Greecian Revenge

Categories: uncategorized

Date: 15 March 2007 13:55:32

For those who may have sniggered behind their newspapers at Athens' difficulties in getting ready for the '04 Olympics, it looks like the joke is on you. London's 2012 Olympics look like being an over expensive disaster in the making.

All the financial claims made in the bid to the IOC look like proving false. The government today announced a revised budget of £9.35bn ($19bn). Originally they'd forgotten about things like VAT on building etc. Even though they had one of the big 4 accountancy firms and civil servants advising them. Now we find that the budget has trebled in 12 months.

We're told that the government will raid the UK lottery's Good Causes fund to the tune of at least £600m ($1.2bn). The arts have already had a high proportion of their funding removed to pay for it. Where are charities and development groups going to get their additional fnding from?

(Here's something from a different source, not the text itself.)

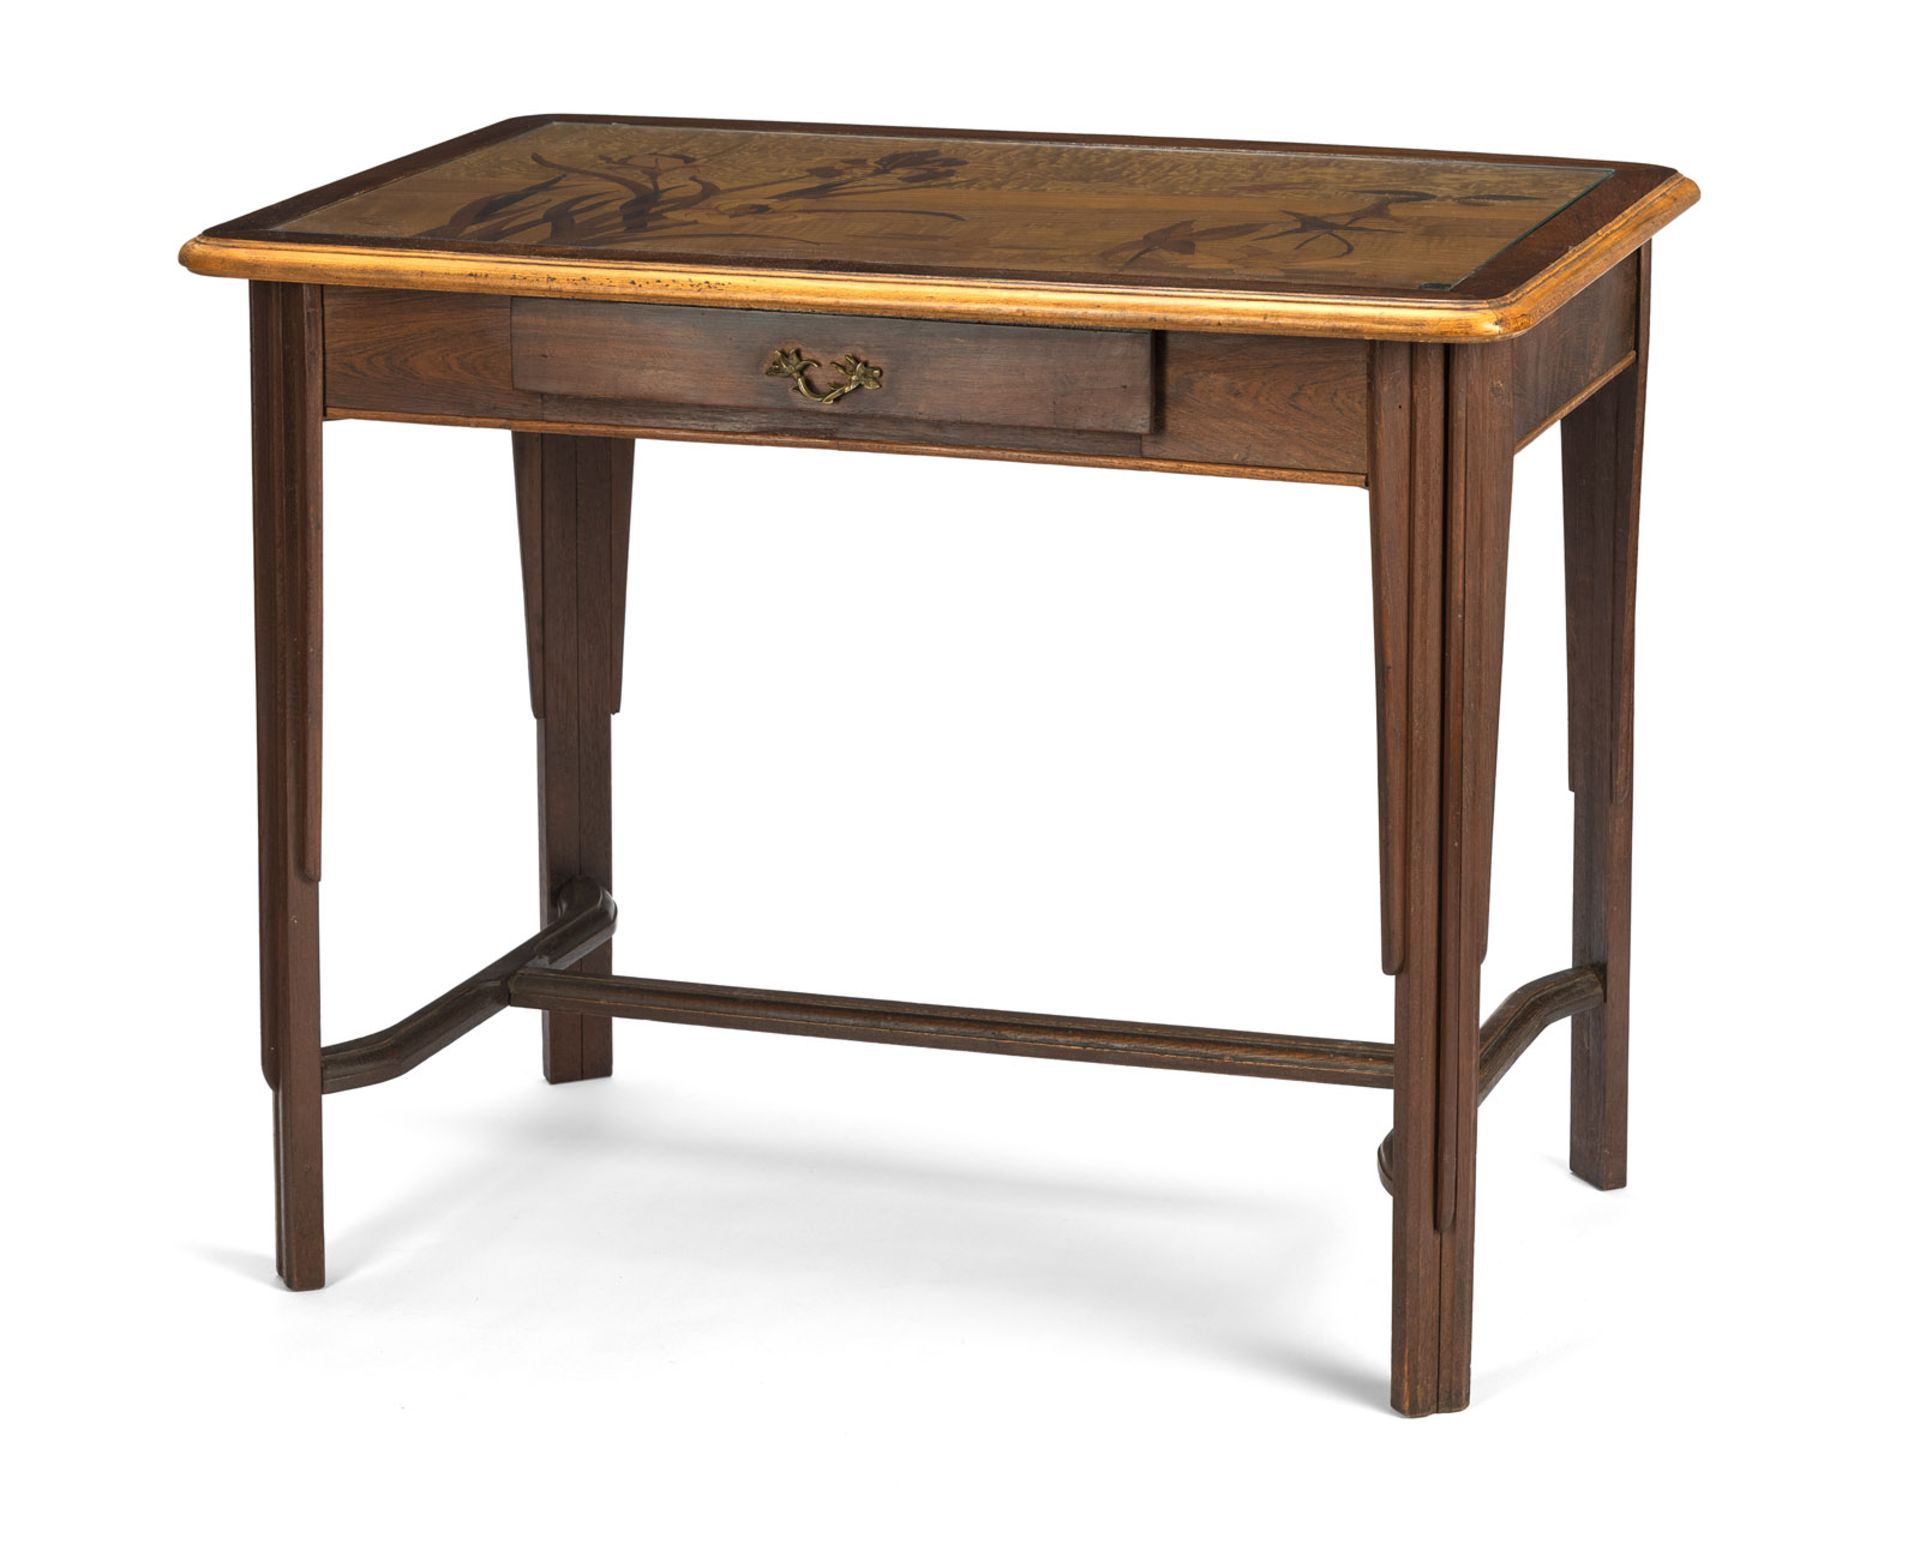 AN ART NOUVEAU FLORAL TOOLED PALISANDER, OAKWOOD, MAHOGANY, ROOTWOOD AND ASH WRITING DESK

London's taxpayers are already hit by a levy on their council tax. Their mayor, "Red" Ken Livingstone, has also promised an additional £300m ($580m) in additional support but has not said where the money will come from. Only that it won't be council tax or transport. Maybe it'll be from the money he's saved by buying London's fuel from Hugo Chavez in Venezuala.

Many feared that the Olympics would turn into another Millenium Dome. We were assured that this wouldn't happen because the government had learned its lesson from that experience. Evidently it hasn't. Maybe they could use Gordon Brown's calculator to rejig the figures. He's good at hiding spending by not declaring it.

The government have also promised a further 1000 rail carriages to ease congestion on the railways - be prepared for Congestion Charging here soon.

The fact that their are hundreds of empty carriages in sidings around the country has not sunk in. They're there because the rail companies refuse to pay the extortionate lease payments. Therefore they've taken carriages out of service, increased congestion and raised fares.

Privitisation of the railways was a mess from the start. The railways should have been split along pre-nationalisation lines with the companies overseeing all aspects of running the railways they used. Instead we had locomotives and rolling stock owned by finance companies, track maintenance owned by a separate company and the operators in the middle.

The highlight has been several fatal crashes. The last of which, in Cumbria, saw people pressing for maintenance to be devolved to local managers. What they didn't realise was that the local managers were the people responsible. They had been reported and a troubleshooting team had been dropped on them prior to the crash.